M.Sc Thesis

M.Sc StudentShteynberg Denis
SubjectMeasurement and Simulation of the Diurnal Pattern of
Domestic Water Demand on Micro-Component Scale
DepartmentDepartment of Civil and Environmental Engineering
Supervisor PROF. Eran Friedler
Full Thesis textFull thesis text - English Version


Detailed knowledge of the water end-point usage (WEPU) such as shower, dishwasher, etc., can be important for water demand management, prediction of endpoint water-use and evaluation of onsite water reuse potential (e.g. greywater).

Organizations have come to the realization that it is almost impossible to evaluate the effectiveness of residential water demand management schemes without accurate and appropriate measurement of actual water consumption at an end-use or micro-component level. Measuring the flow of individual water-using appliances, although looks simple, is not straight-forward task as it involves interfering with the in-house plumbing. Due to this complexity, for years hardly any study was performed on a micro-component level. In recent years, methodologies were developed to enable derive individual appliances water-use from a single measurement point and advanced data analysis techniques. Several techniques such as SIMDEUM, HydroSense, Identiflow, Flow Trace Analysis and "classic" Diary Surveys/Questionnaires, have been used in the past for that purpose, each with its own limitations, mainly fair accuracy, expensive and inaccessible for public use.
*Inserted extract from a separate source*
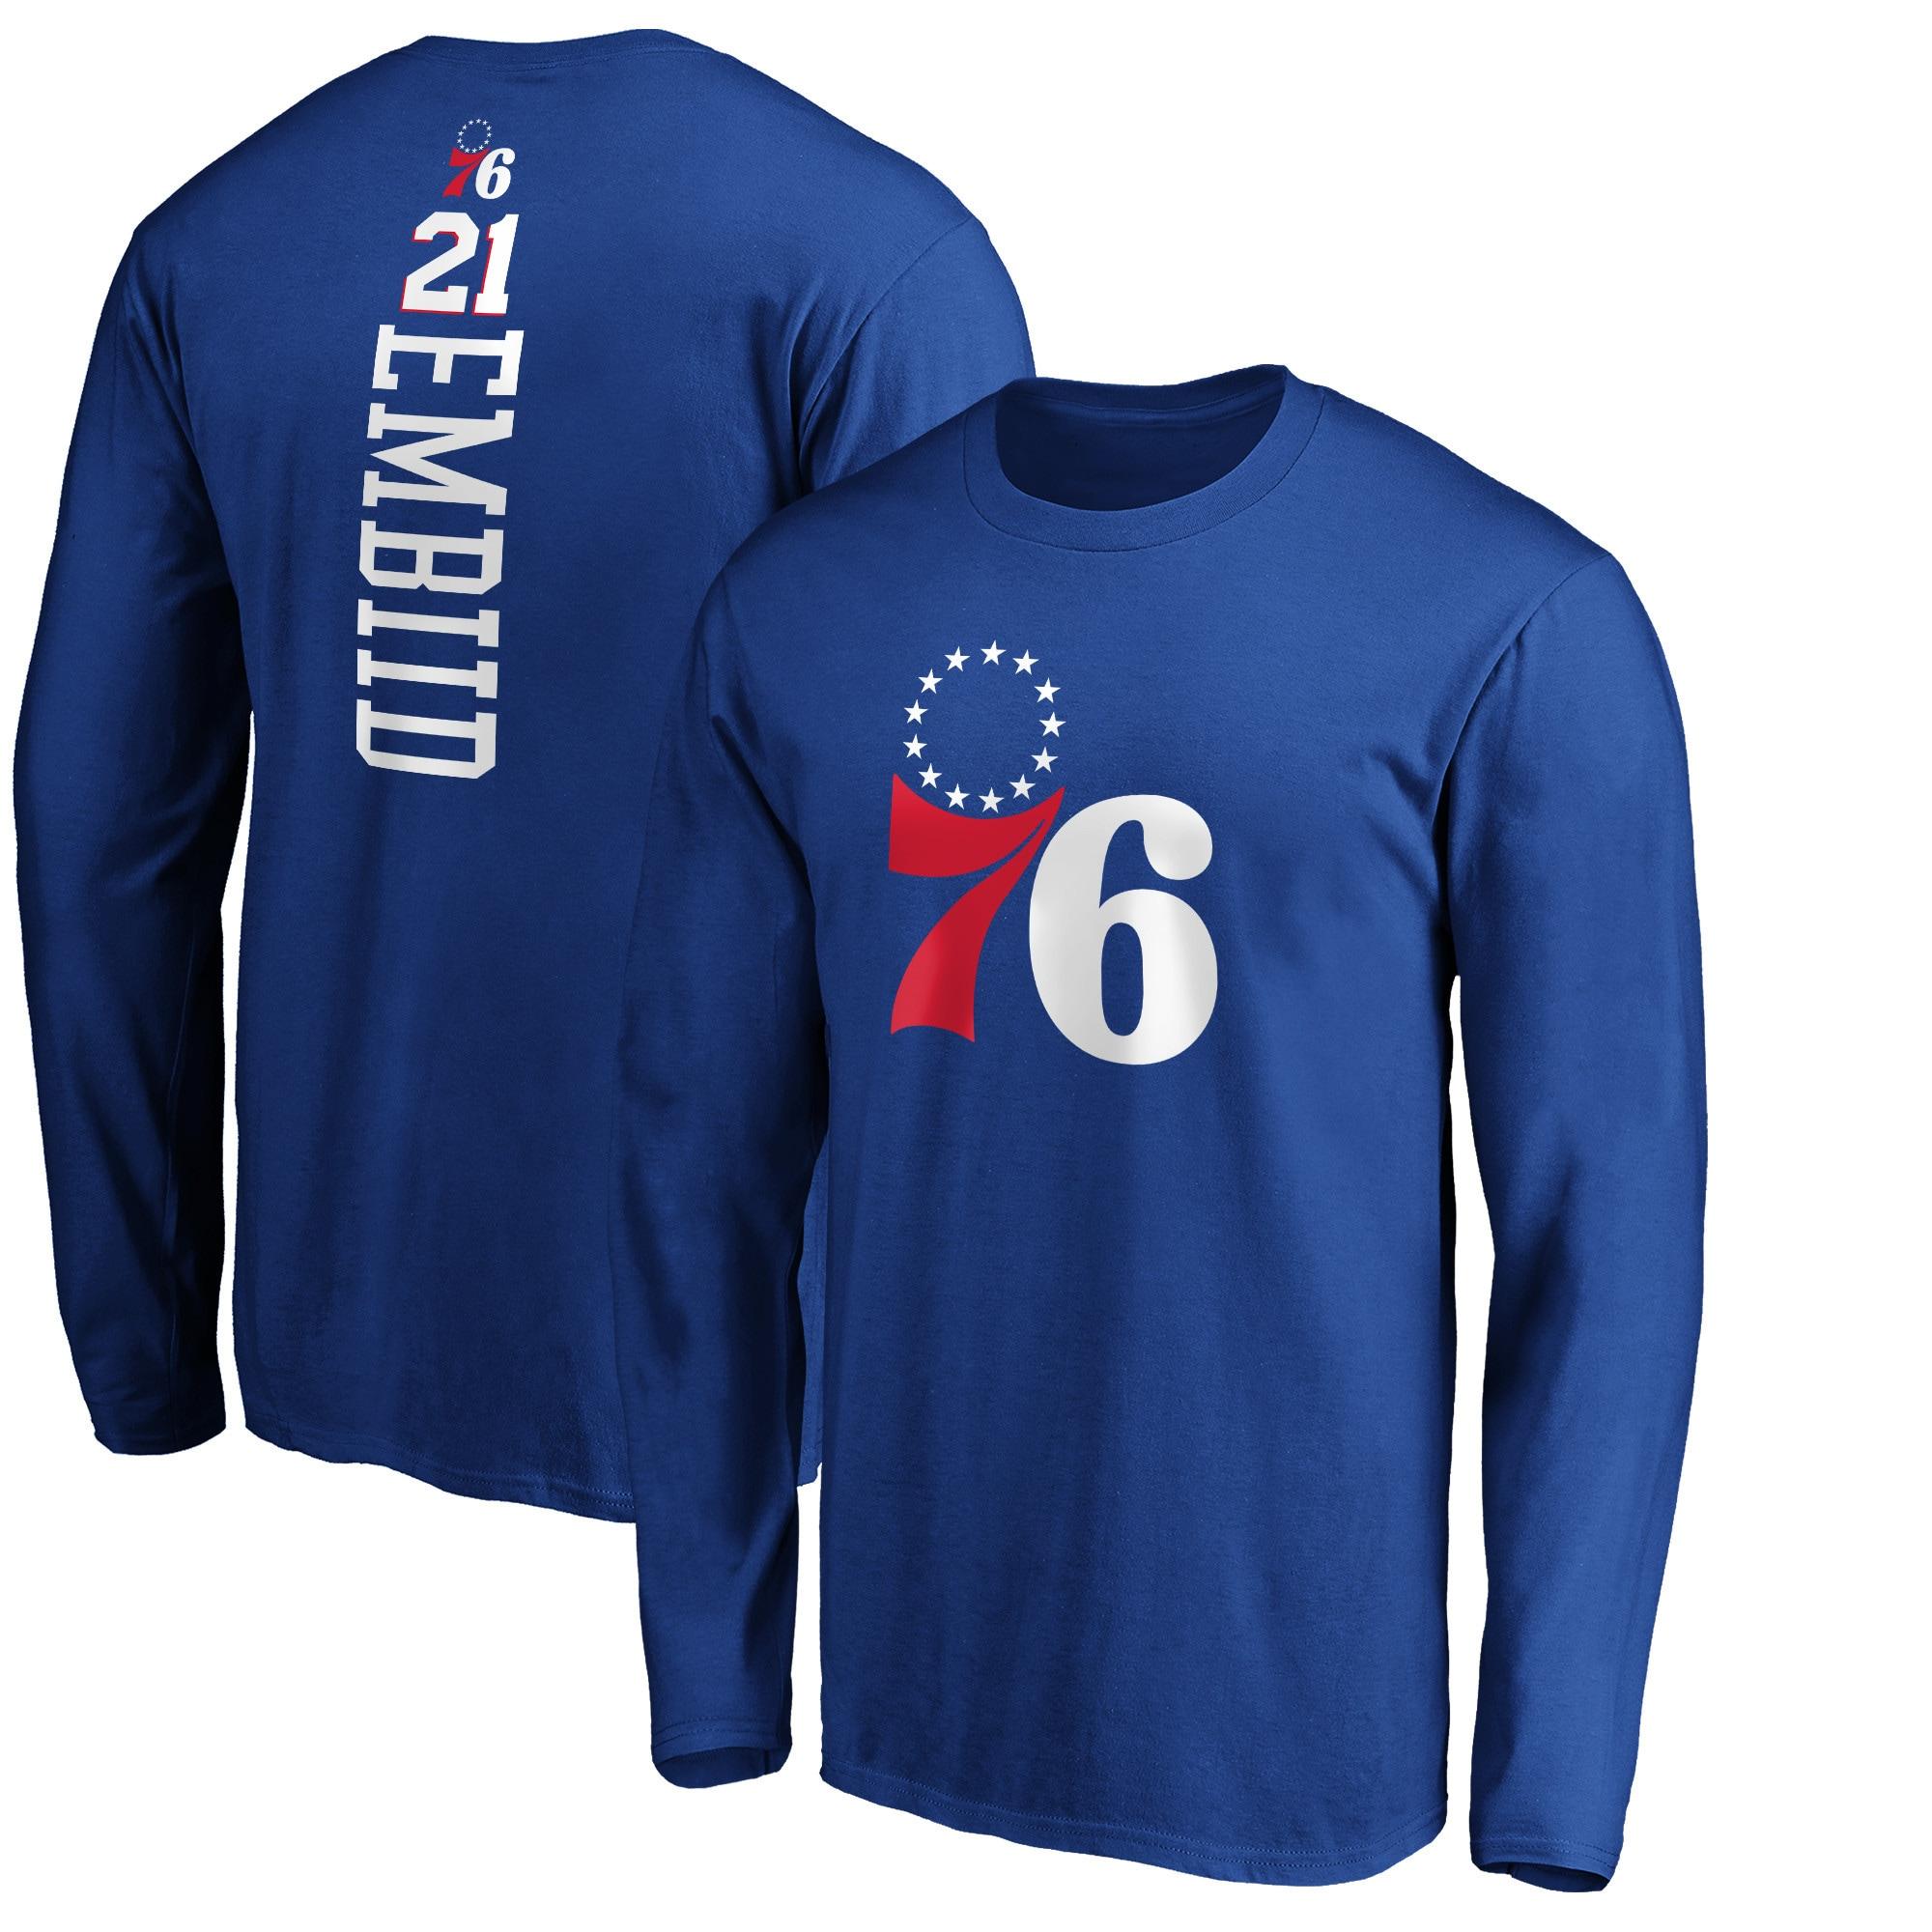 Joel Embiid Philadelphia 76ers Fanatics Branded Team Playmaker Name & Number Long Sleeve T-Shirt - Royal

In this study, new pattern recognition system was designed, based on smart flow meter and programmable logger controller (PLC), which were able to measure and record domestic water flowrates using only one sampling location at the water inlet of each house. WEPU is classified out of the acquisition system’s data using an adaptive decision tree (DT) developed as part of this research. The DT developed is able to identify specific properties of the in-house water-using appliances such as flow pattern fitting (recognition) for toilet flushing identification, and recursive event recognition for automated appliances (dishwashers & washing machine) identification. The overall accuracy of the DT-based algorithm was 91%, best for faucet identification (94% accuracy) and worst for washing machine identification (58% accuracy).  In order to train the system, real water usage data from 16 domestic houses in the north of Israel was obtained and compered to diary surveys filled during a one week period by families who volunteered to participate.

The study reveals that the average in-house water usage in the participating homes was 104 liters/capita/day (L/c/d) and 30 events/capita/day (E/c/d). The most water consuming appliance was the shower with 42 and 66 L/c/d in weekdays and weekend days respectively. Faucets were found to be the most frequently used with 17 and 23 E/c/d in weekdays and weekend days respectively. Nevertheless, faucets use consume only 8 L/c/d, comprising 7.7% of the daily in-house water volume used. The data analyses all aspects of the in-house WEPU and revel diurnal usage distribution as well, by week days/weekend day's differences.